In [20]:
import pandas as pd
from timeit import default_timer as timer
from datetime import timedelta
import pyarrow.parquet as parquet

def time_func(func, *args, **kwargs):
    start = timer()
    print(f'Starting {func.__name__}: [{start}]')
    result = func(*args, **kwargs)
    end = timer()
    print(f'Done {func.__name__}: [{end}]')
    total_in_seconds = end - start
    print(f'Total time: {timedelta(seconds=total_in_seconds)}')

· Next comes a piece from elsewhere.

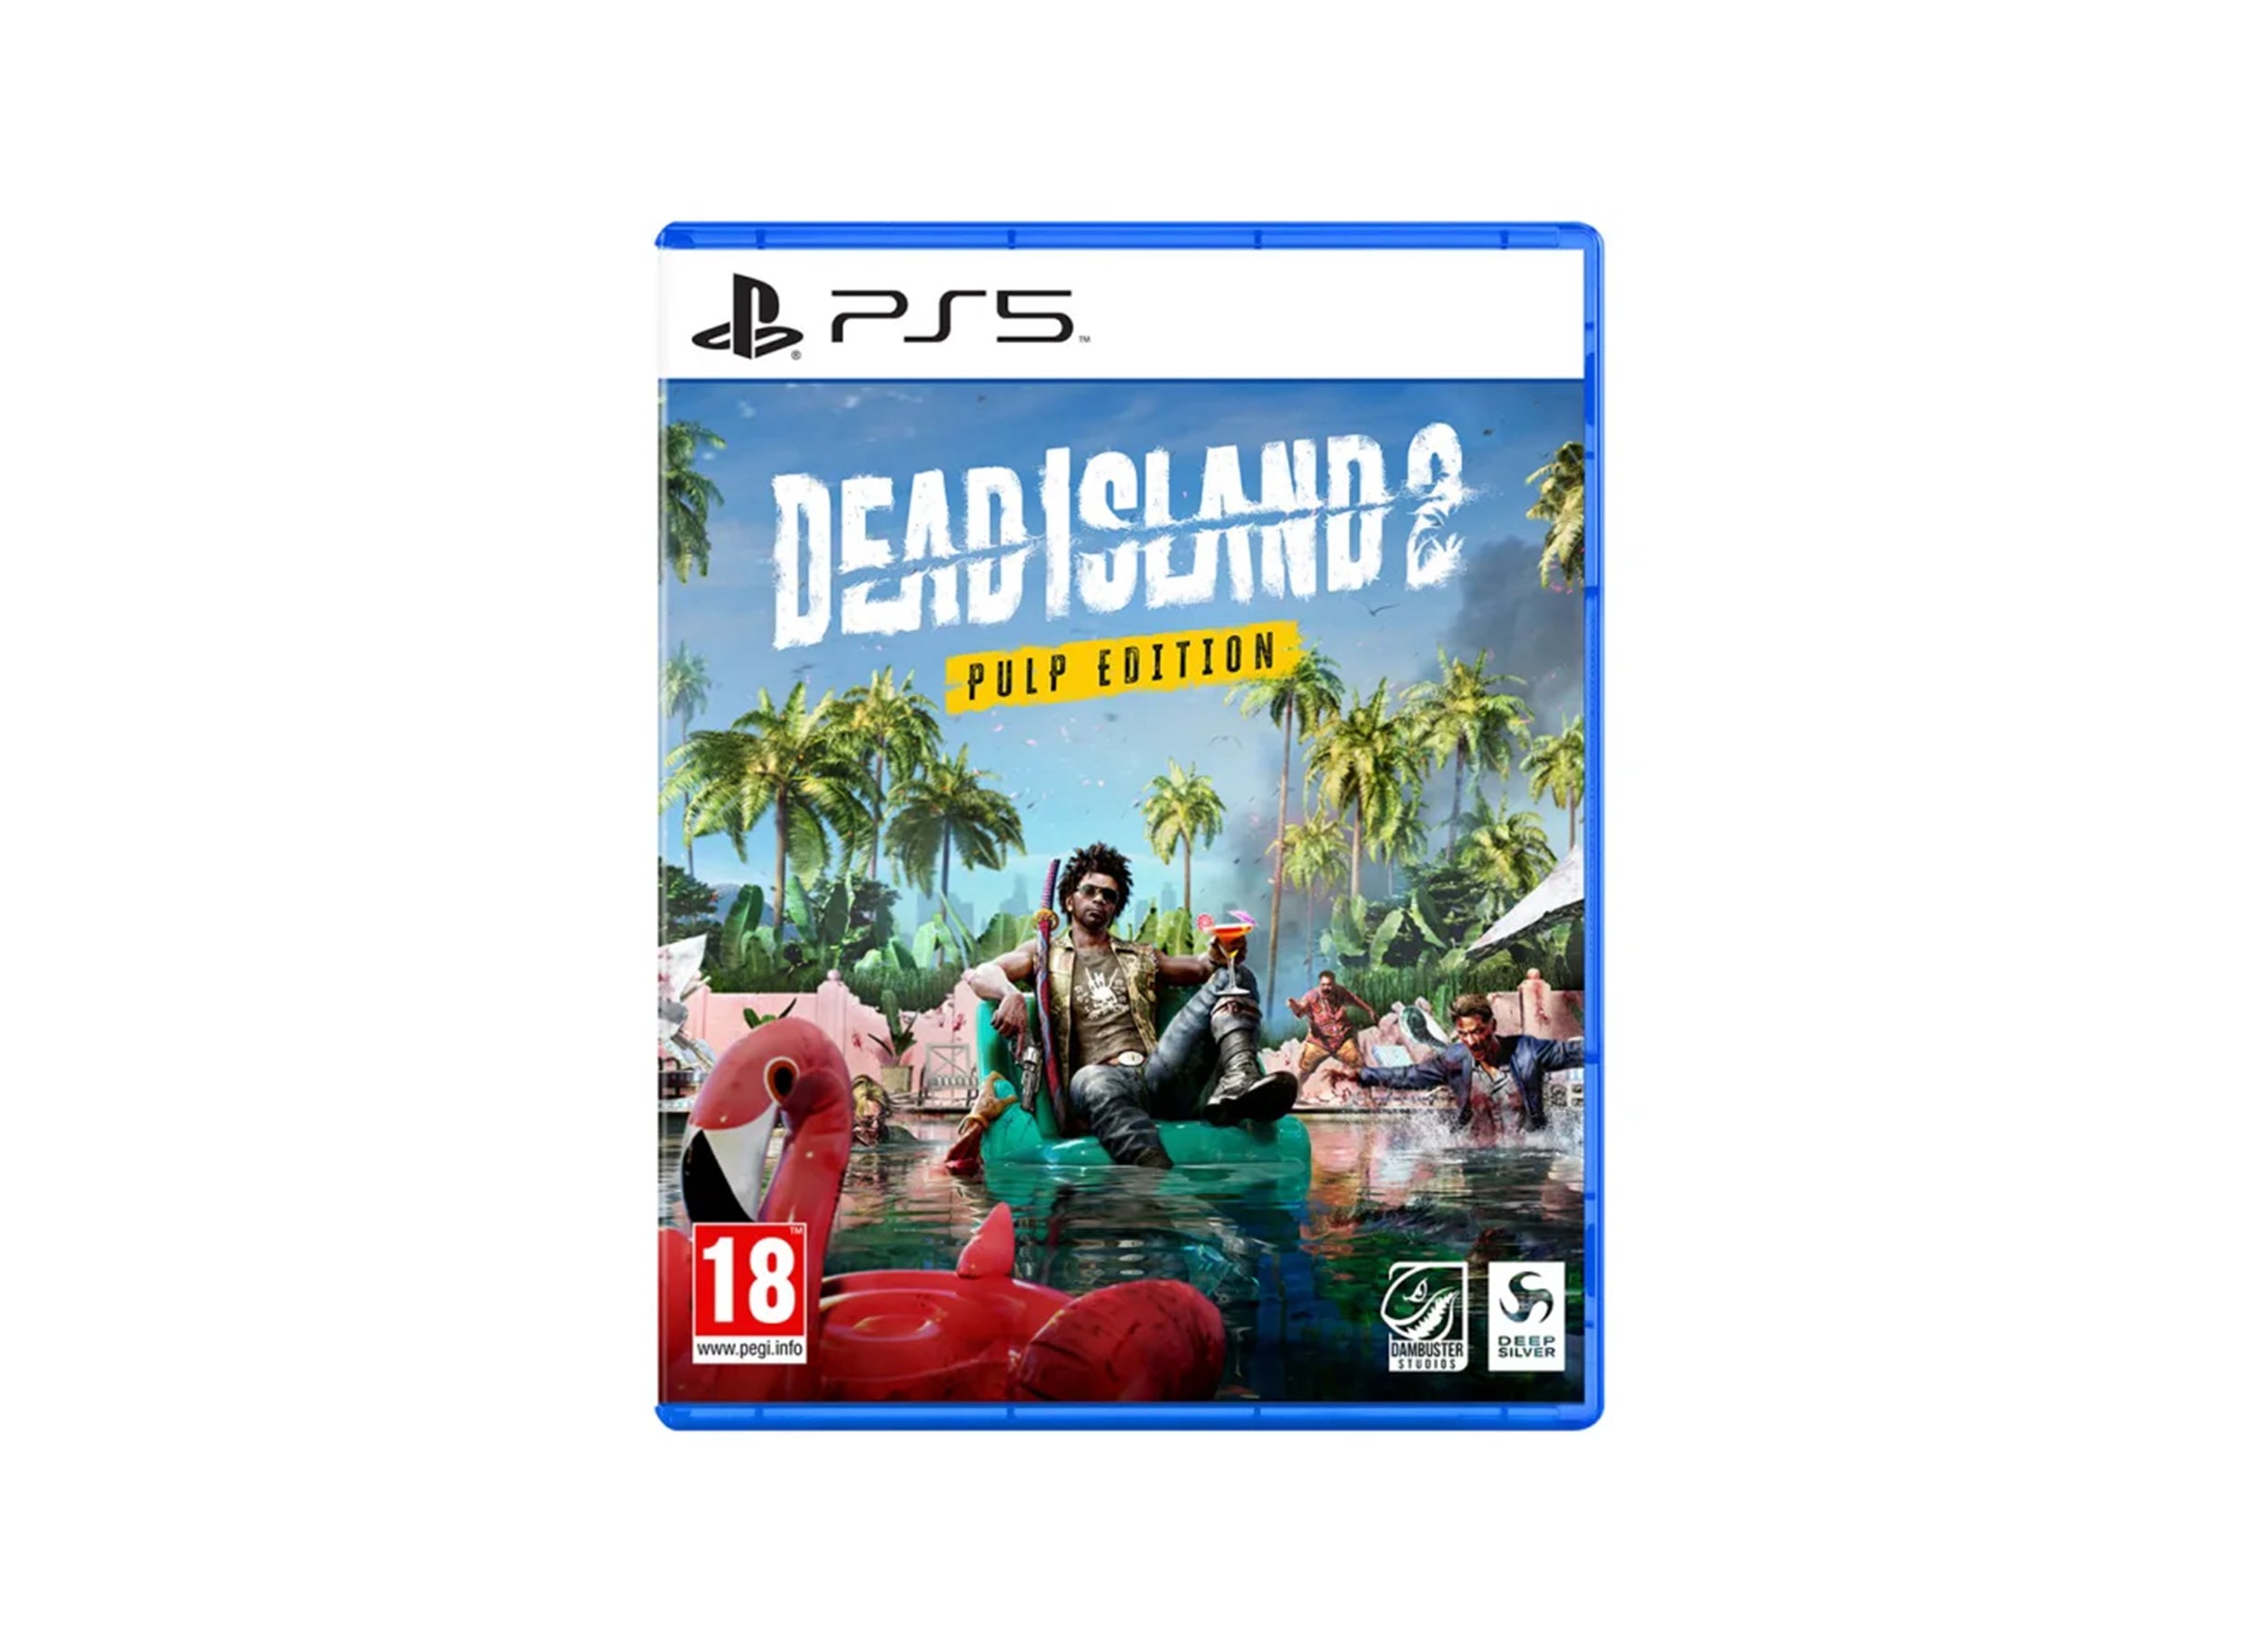 Dead Island 2 release date moved forward: Best pre-order deals on PS5 and  more | The Independent
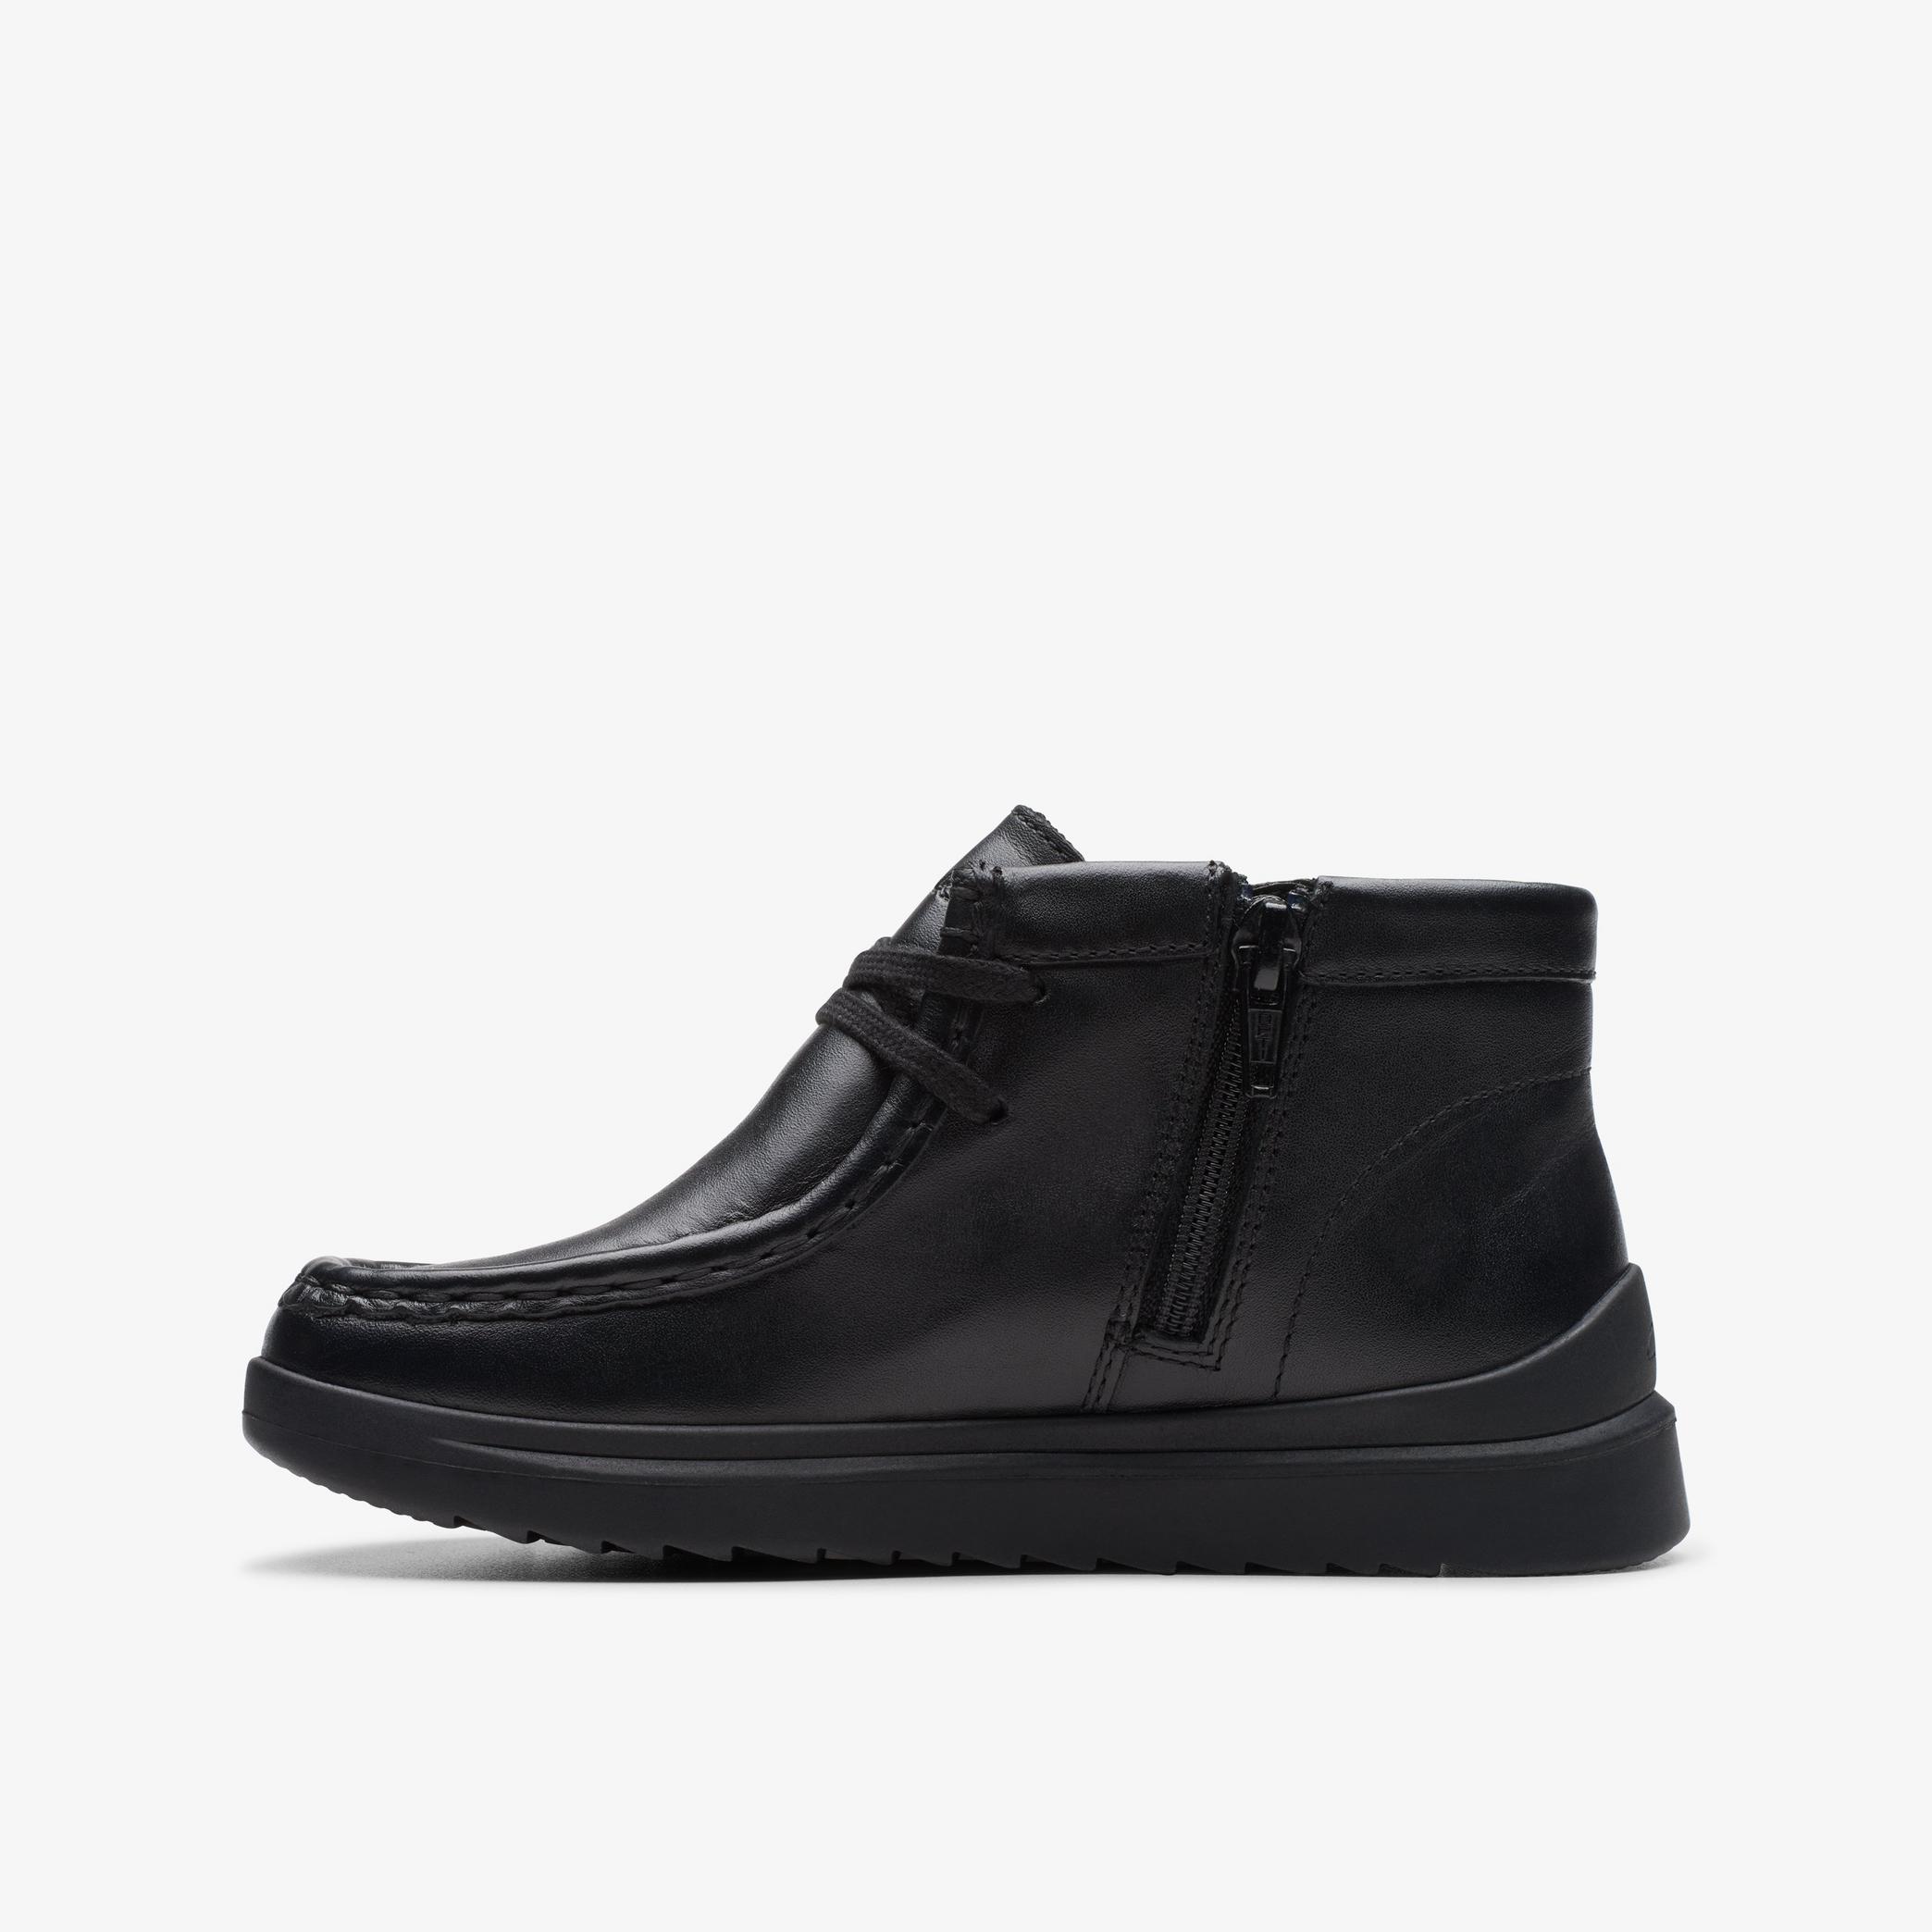 BOYS Goal Wally Kid Black Leather Ankle Boots | Clarks UK

    return result, total_in_seconds

In [37]:
from pathlib import Path
import pyarrow.orc as orc
import pyarrow.feather as feather


def load_data(path, file_type):
    for path_ in path.iterdir():
        print(f'{path_.name}: {round(path_.stat().st_size / ((1024 ** 2) * 1000), 4)} GB.')
        if file_type == 'parquet':
            result = time_func(
                parquet.read_table,
                path_
            )
        elif file_type == 'orc':
            result = time_func(
                orc.read_table,
                path_
            )
        elif file_type == 'feather':
            result = time_func(
                feather.read_table,
                path_
            )
        
        df = result[0].to_pandas()
        print(df['timestamp'].iloc[1])
        print('-' * 20)
        print('')

In [38]:
parquet_path = Path('data/compressed/parquet')
orc_path = Path('data/compressed/orc')
feather_path = Path('data/compressed/feather')
variants = [(parquet_path, 'parquet'), (orc_path, 'orc'), (feather_path, 'feather')]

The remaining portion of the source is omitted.